**INFORMATION GIVEN**:
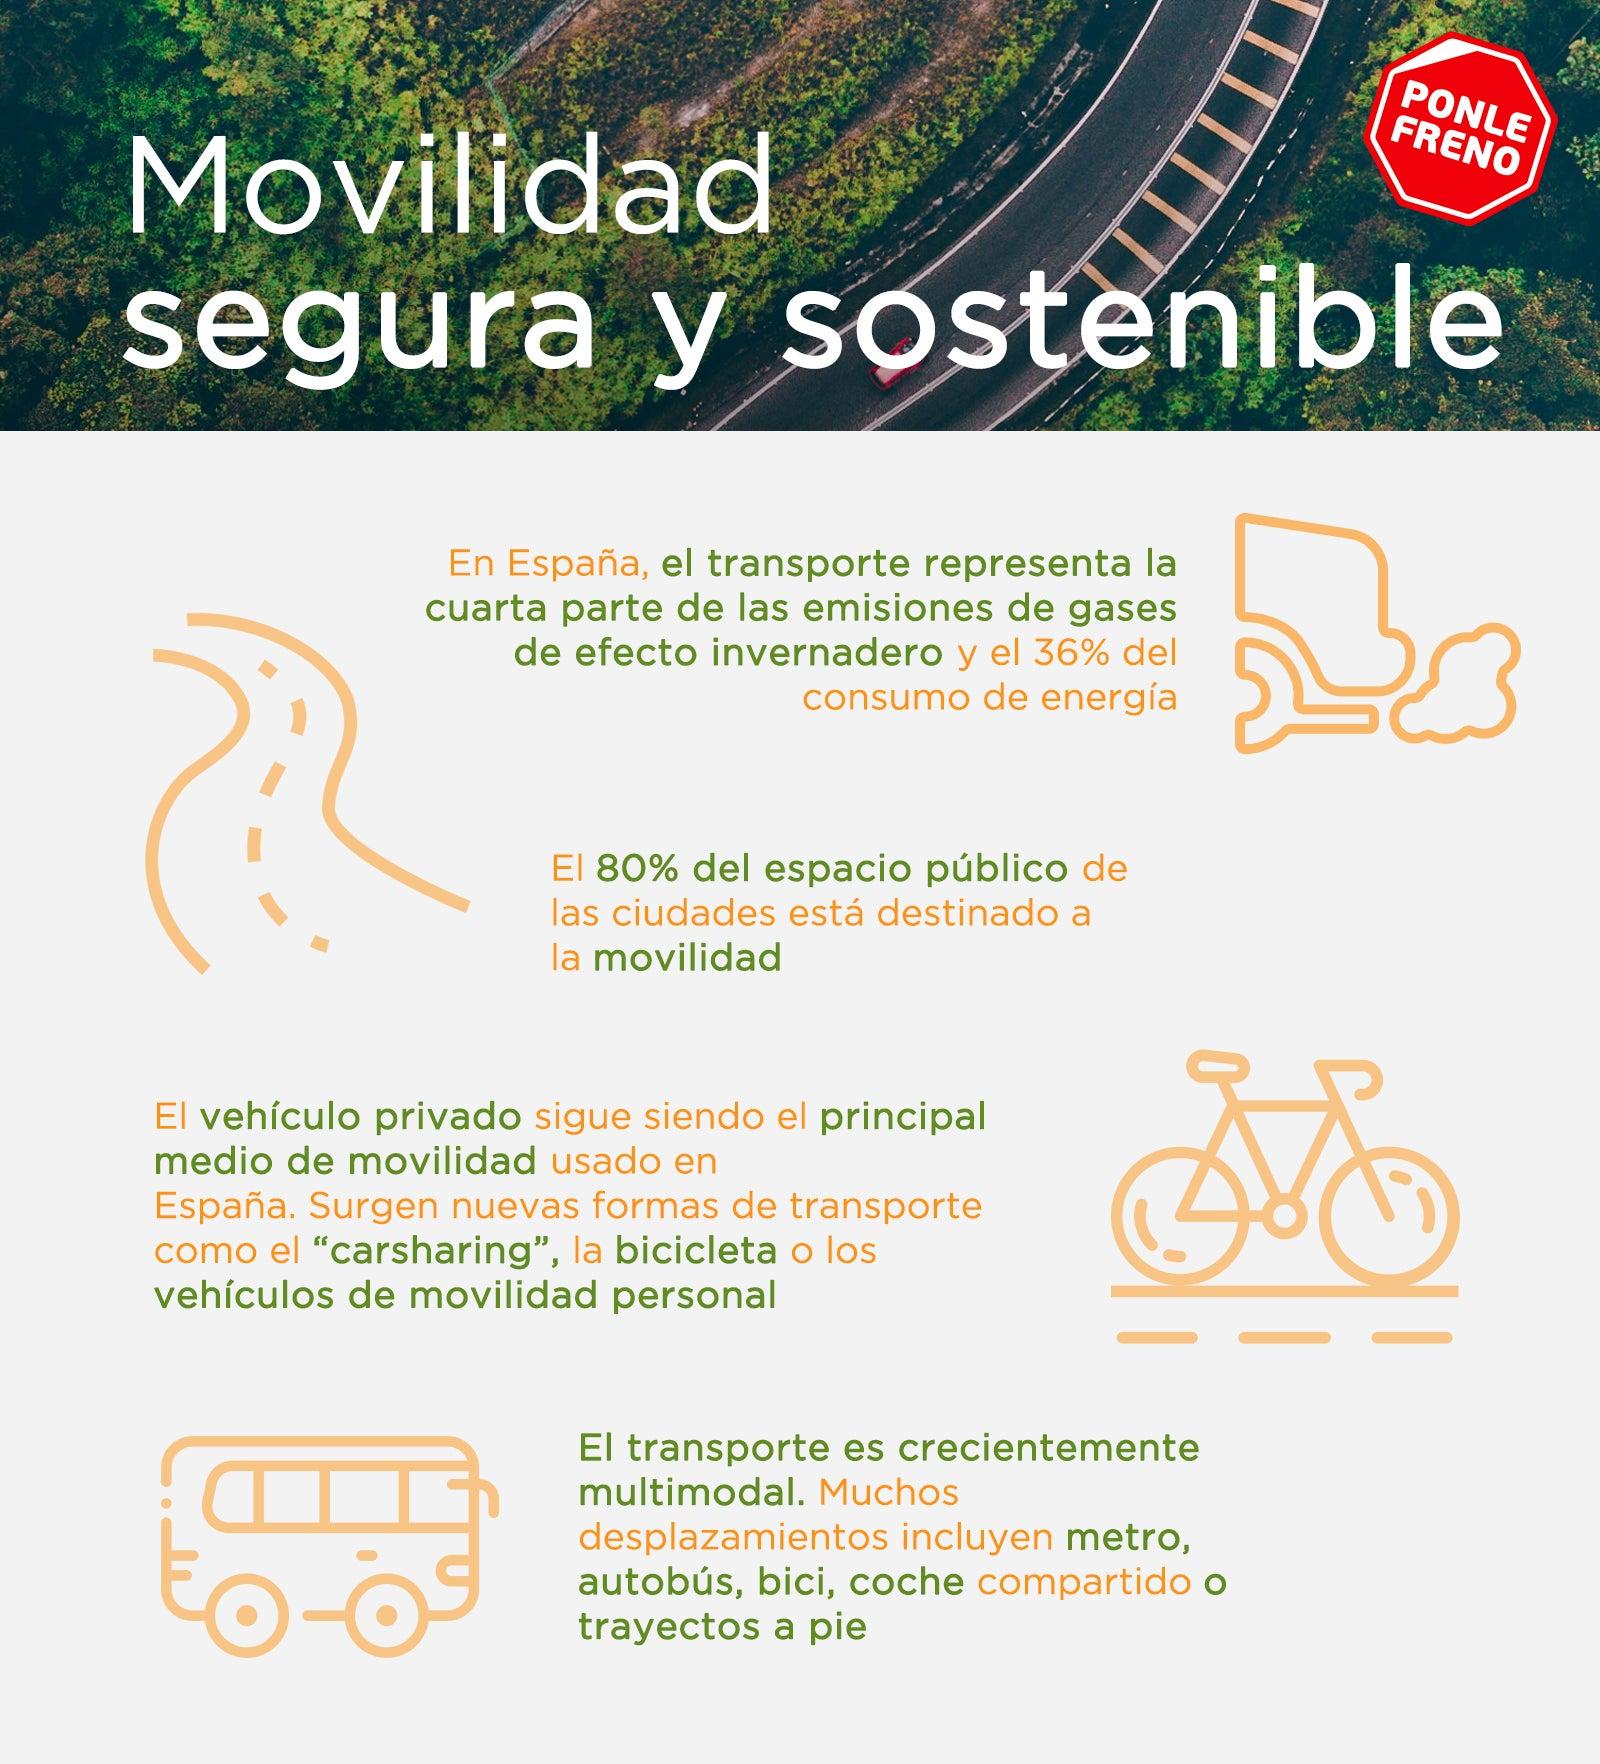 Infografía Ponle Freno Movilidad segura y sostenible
==
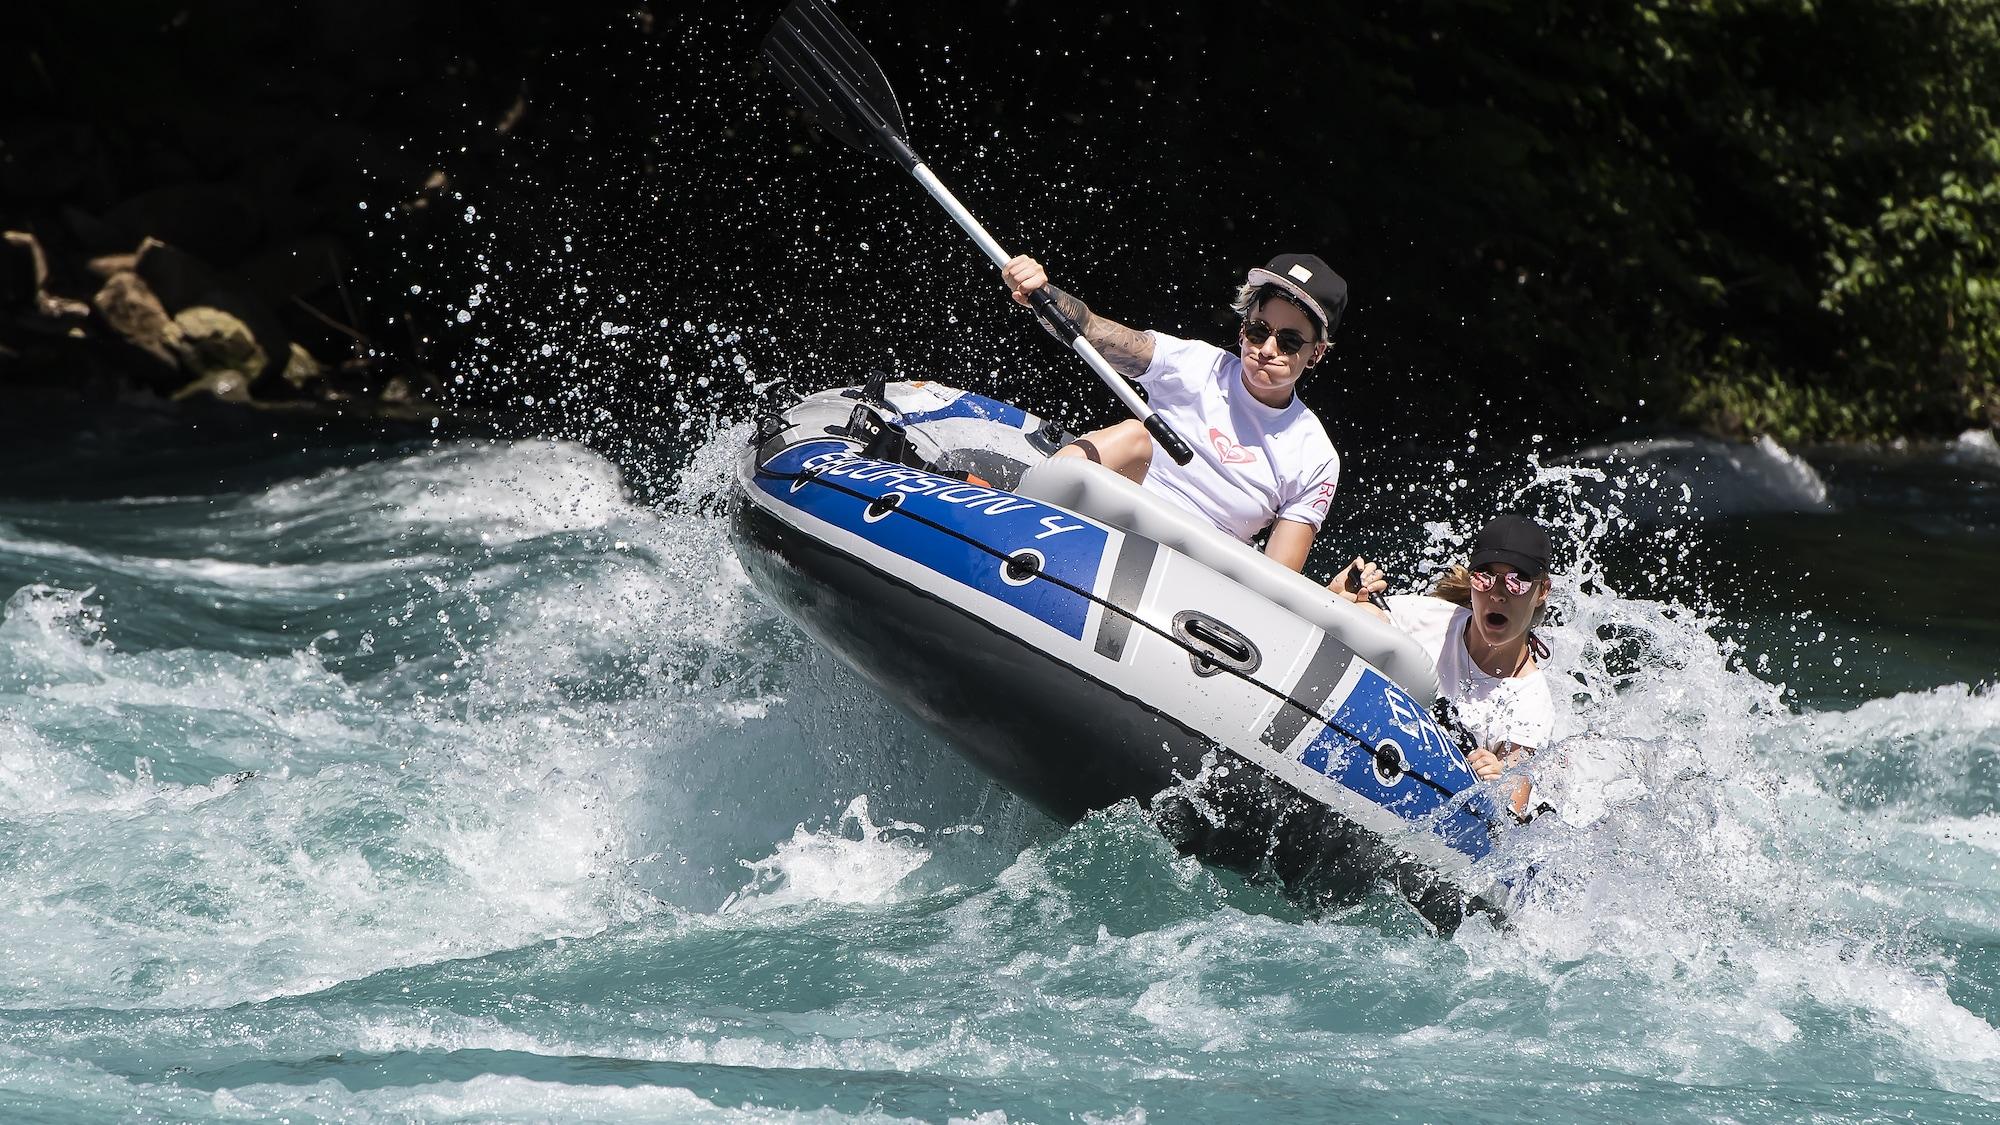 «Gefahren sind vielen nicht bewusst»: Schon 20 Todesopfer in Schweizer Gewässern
---
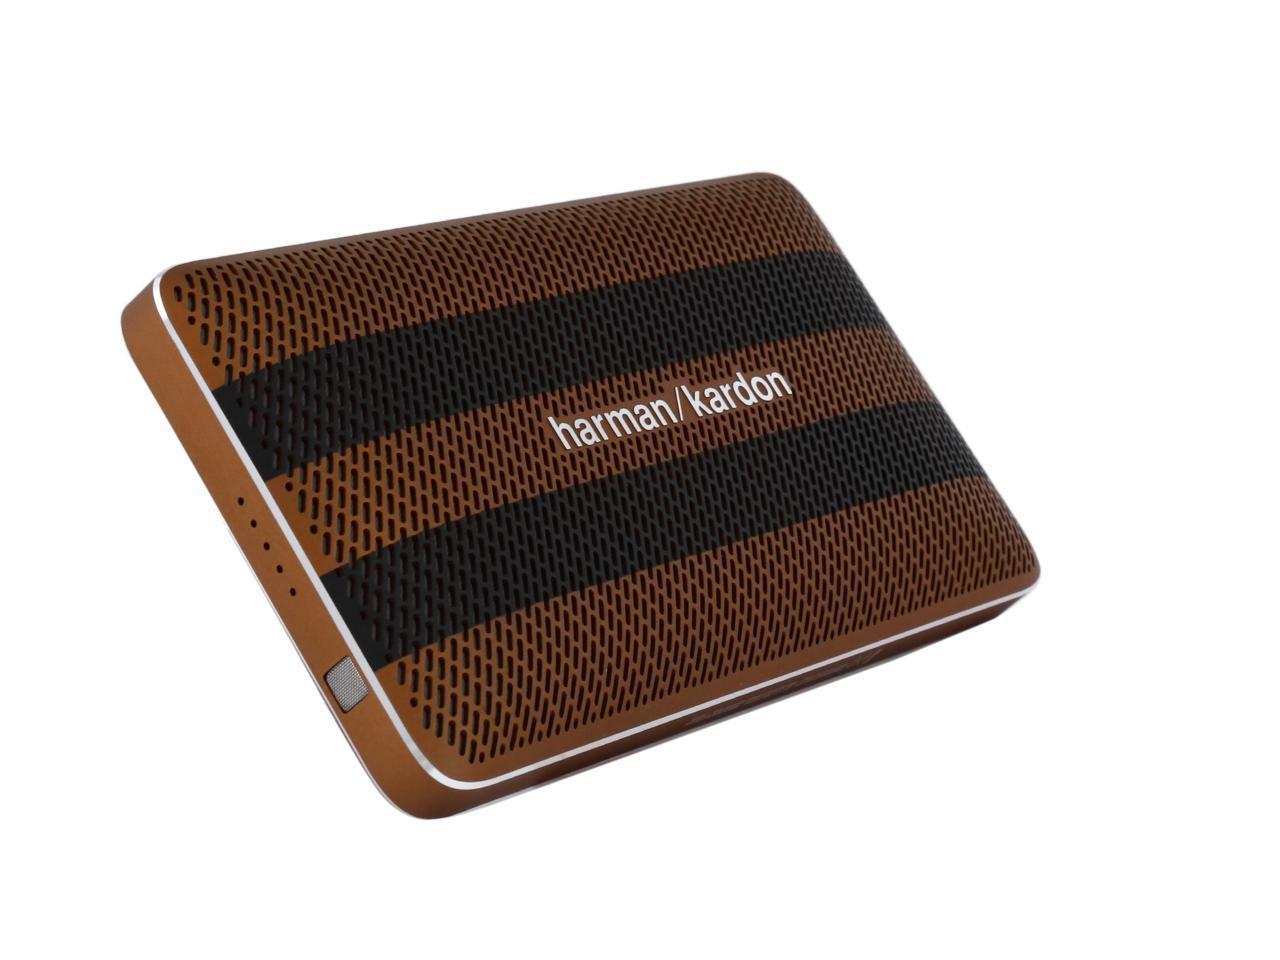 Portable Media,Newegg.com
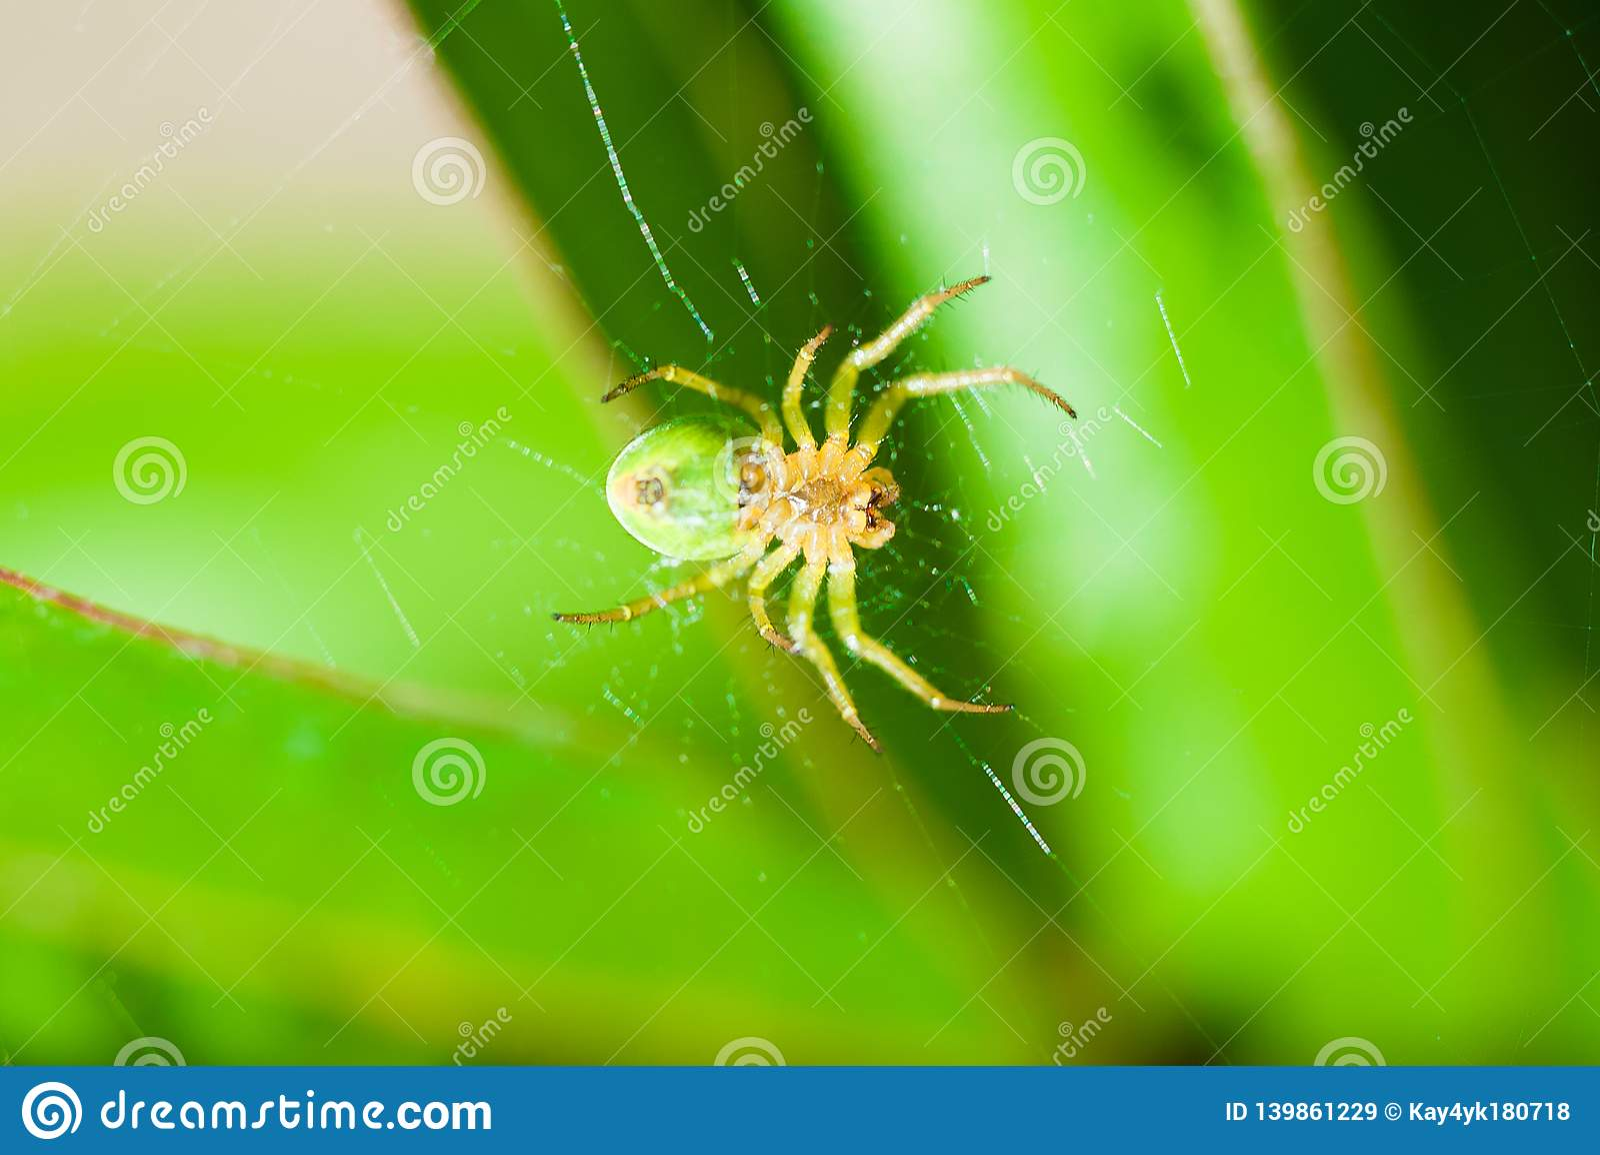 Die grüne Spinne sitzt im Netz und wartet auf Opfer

**ASSIGNMENT**: Both the line containing "Portable Media,Newegg.com" and the line containing "Die grüne Spinne" above belong in the output, as do the lines between them. Print them exactly, without pictures.

**SOLUTION FOR THIS PROBLEM**:
 Portable Media,Newegg.com
 Die grüne Spinne sitzt im Netz und wartet auf Opfer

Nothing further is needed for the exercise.